That'll be an example of Coca Cola's *Corporate Brand Control Department (International)*  at work right there. 
Yeah, you go ahead and decline away. Fight the power, brother  ::

----------


## Nixer

> Yes that's what I'm saying. I know Belorus means White Russia. But you don't have to translate. Did people ever say Southslavland?

 There is Russland in German  ::  
Кстати, а почему мы говорим Джордж Буш, но английский король Георг? У них же ондинаковые имена.

----------


## QWERTYZ

потому что буш новодельный а европейским королям в русском языке сотни лет ...наверное

----------


## Артемида

> So do you believe that when Russians decline western male names (Джордж Буш --> Джорджа Буша -->Джордже Буше etc) , that they are disrespecting the English language, which doesn't decline names in this way? 
> Stop being paranoid.

 read my posts more attentively, i ment absolutely another thing...if writing *Theodoro* Dostoievski isn't a disrespect, then why do people do it?

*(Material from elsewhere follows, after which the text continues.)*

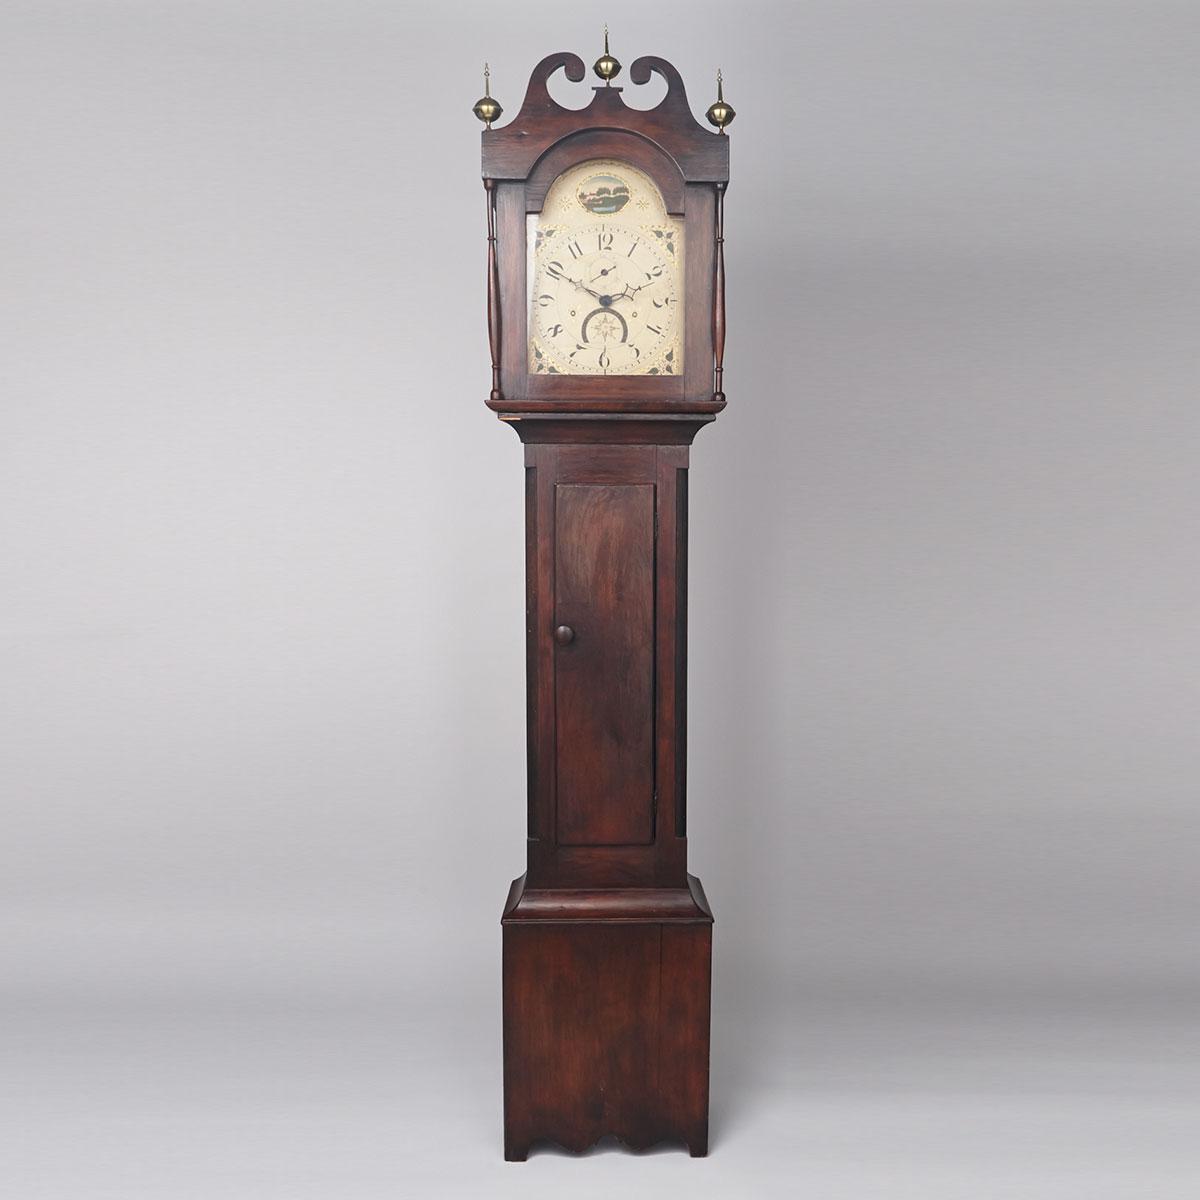 Oxford County Tall Case Clock, R. Woodruff, Burford, Upper Canada, c.1830

I doubt that this is a tradition, simply arrogance, or just non comprehension of another culture and no will to understand and to know it...it seems to me that people who translate russian books dont really know where russia is...

----------


## scotcher

> read my posts more attentively, i ment absolutely another thing...if writing *Theodoro* Dostoievski isn't a disrespect, then why do people do it?

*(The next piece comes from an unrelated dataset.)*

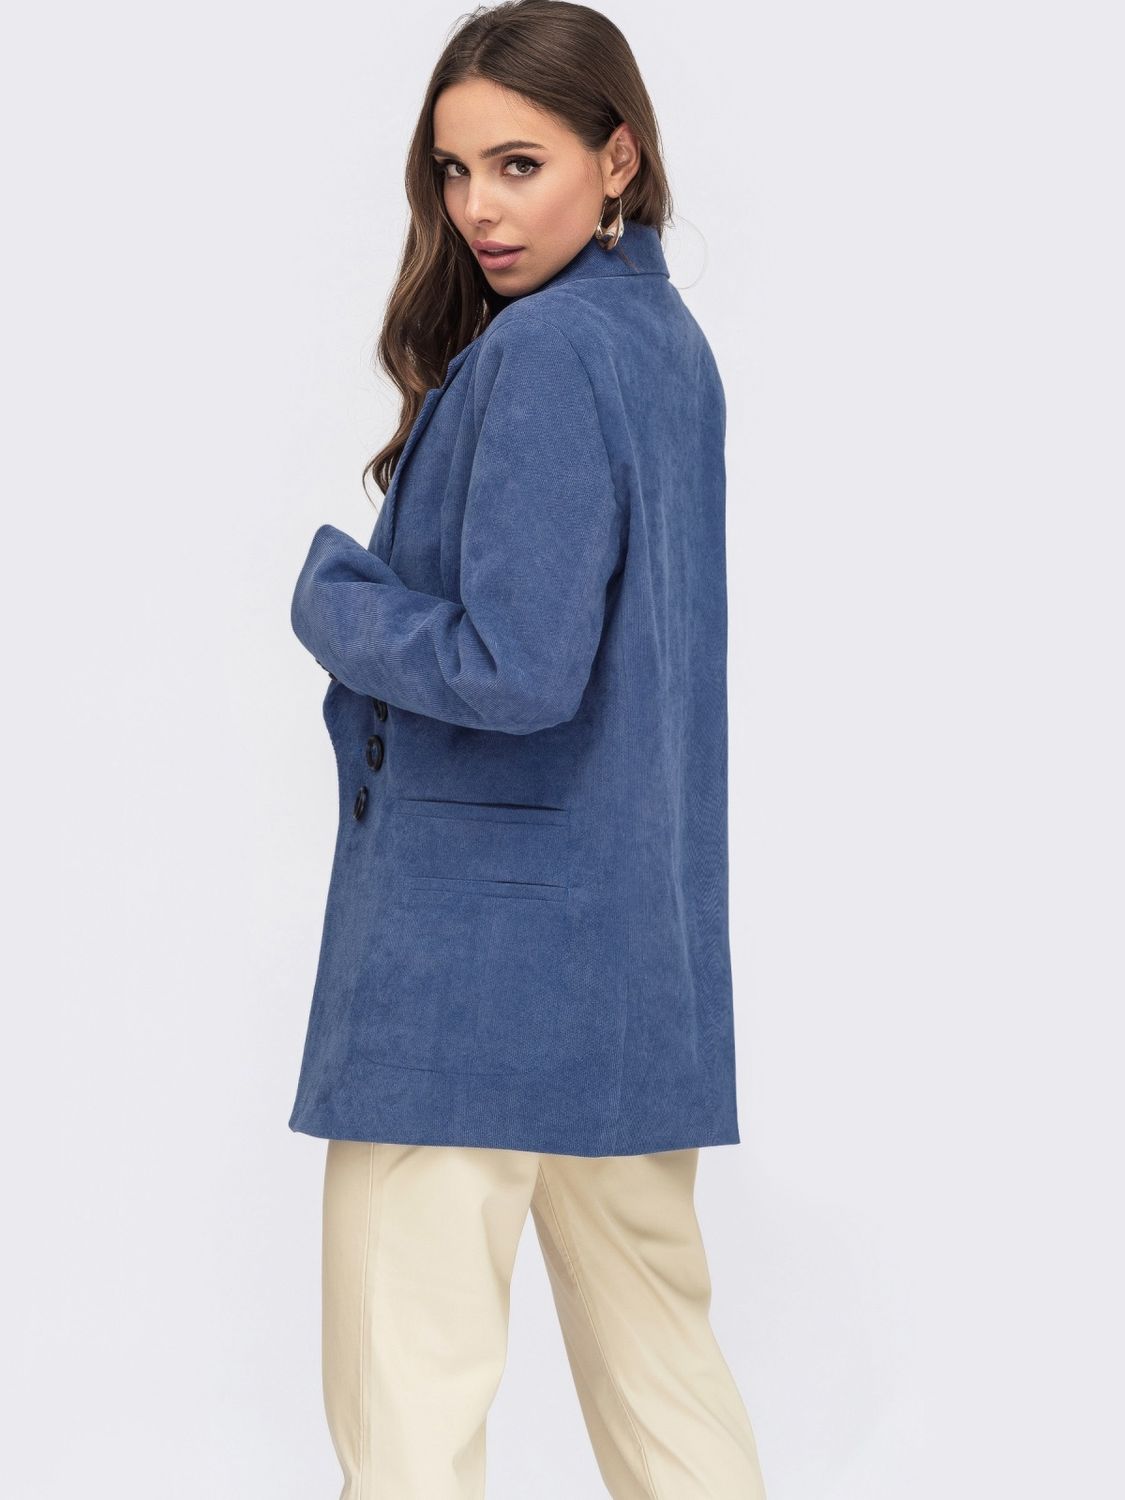 Женский вельветовый пиджак синего цвета - фото

 My guess would be laziness. The point of the translation is to make the reader's life as easy as possible, and since the reader most likely couldn't care less about the accuracy of the way names were interpreted, they are often swapped for a related name from the target language.  
Besides, all the examples you've used are historical figures who's names were first translated decades or even centuries ago. They would be unlikely to be treated the same way now (in fact, I have an English translation of "Преступление и Наказание" right here where Федор is written as Fyodor, which is as close to a phonetic transliteration as is possible, in spite of the historical tendency to represent it as Theodore) 
If you were a little more attentive yourself you would have noticed that Nixer already gave an example of where Russian has exactly the same contradiction:  Джордж Буш/ король Георг. Both of these people were called George. Were Russians who called Prince George 'король Георг' being disresectful, arrogant, or lacking in understanding of a foreign culture, or were they just using a name they knew?   

> I doubt that this is a tradition, simply arrogance, or just non comprehension of another culture and no will to understand and to know it...it seems to me that people who translate russian books dont really know where russia is...

 Great, go ahead, doubt it if you want to. You can walk around with a needless chip on your shoulder for the rest of your life for all I care, just don't expect everyone to automatically go along with it. 
I'd like to know what motive you think a translator, someone who has devoted a large part of his life to studying another language and culture, would vindictively choose to insult that culture through something as inobtrusive as a name after spending weeks or months painstakingly translating the rest of the text, but I wont ask since I don't believe paranoia is ever reasoned.

----------


## VendingMachine

> Sure you say ГИТЛЕР instead of Hitler and Hamlet takes G too.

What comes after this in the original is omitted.